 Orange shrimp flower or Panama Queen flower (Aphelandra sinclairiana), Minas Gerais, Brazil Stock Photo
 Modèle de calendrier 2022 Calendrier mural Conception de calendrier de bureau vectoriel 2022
...
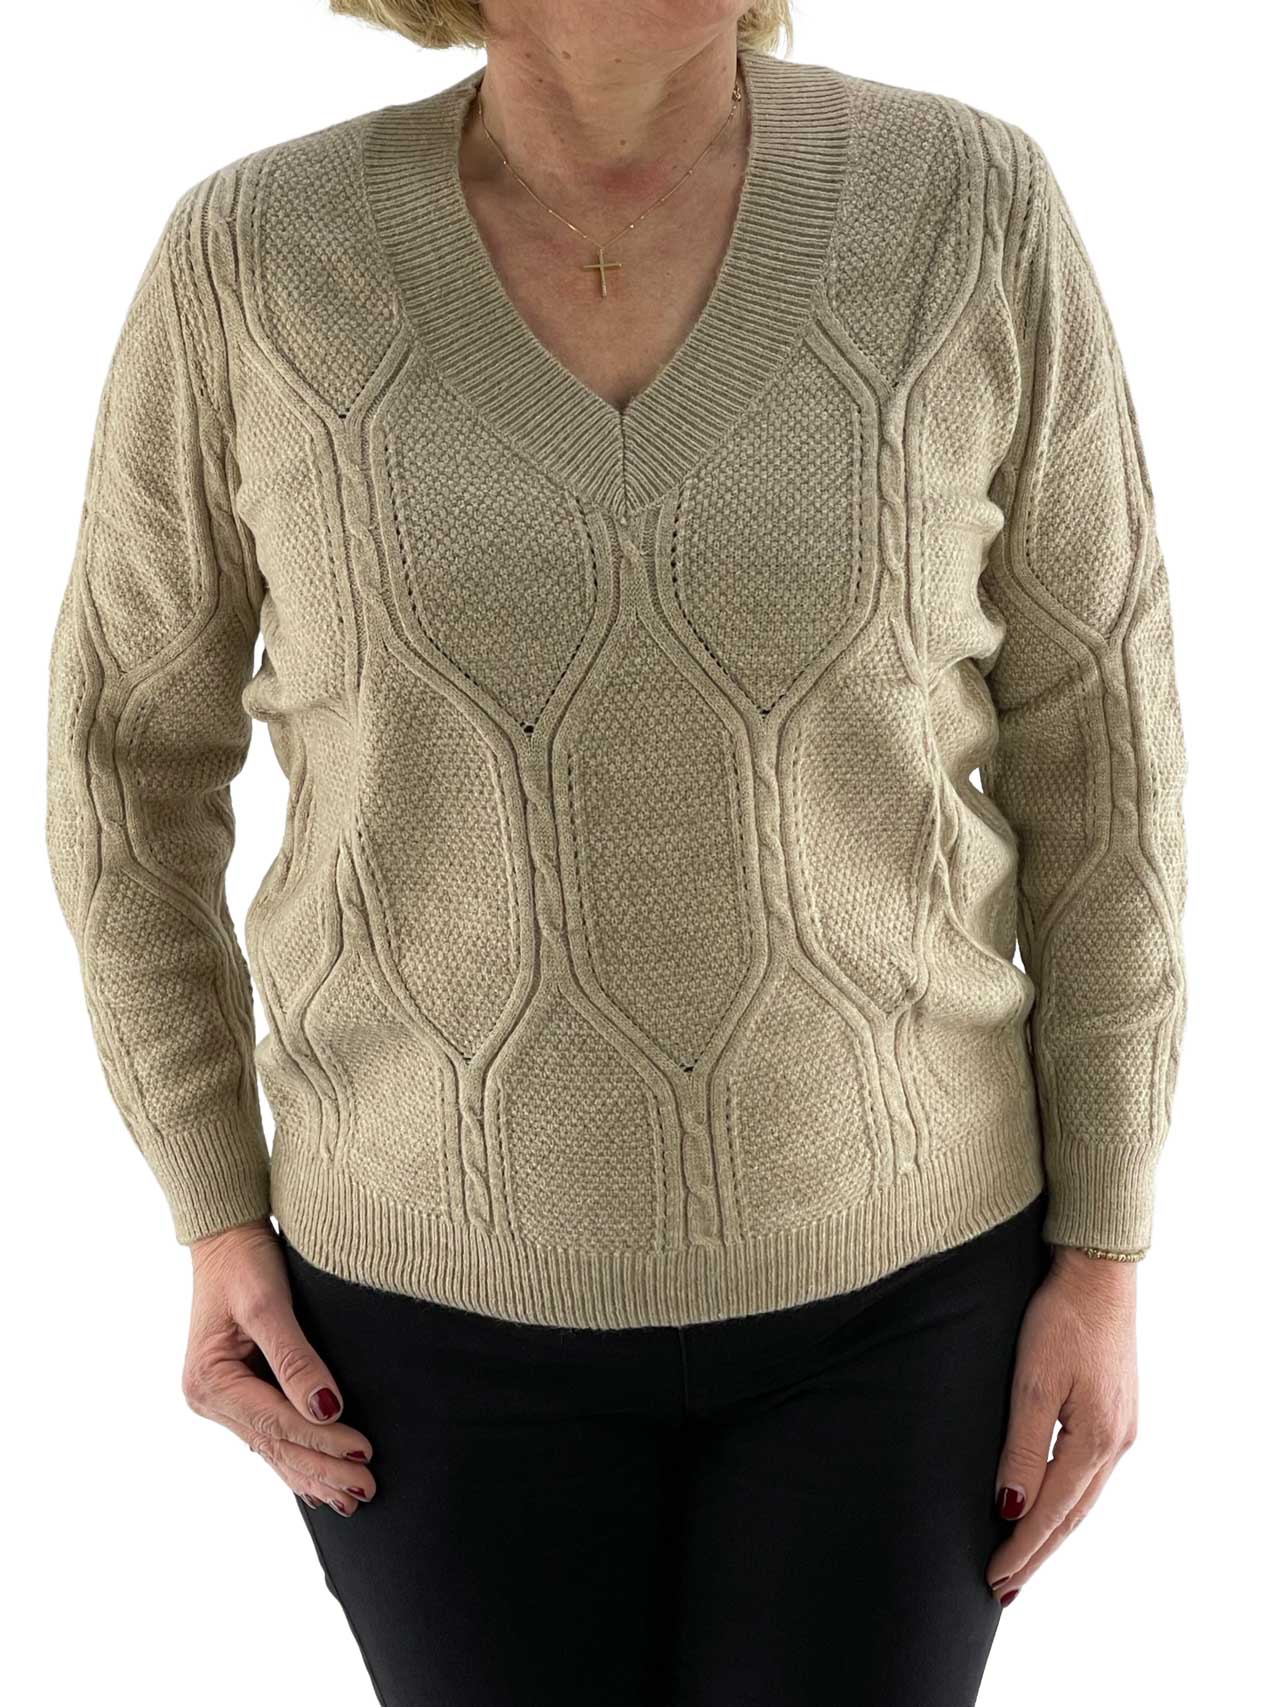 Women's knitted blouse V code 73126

- [What is expected]: Please reproduce exactly the lines in the listing above from the one containing "Orange shrimp flower" through the one containing "Modèle de calendrier", both included, and nothing more.

- [Output of the exercise]:
 Orange shrimp flower or Panama Queen flower (Aphelandra sinclairiana), Minas Gerais, Brazil Stock Photo
 Modèle de calendrier 2022 Calendrier mural Conception de calendrier de bureau vectoriel 2022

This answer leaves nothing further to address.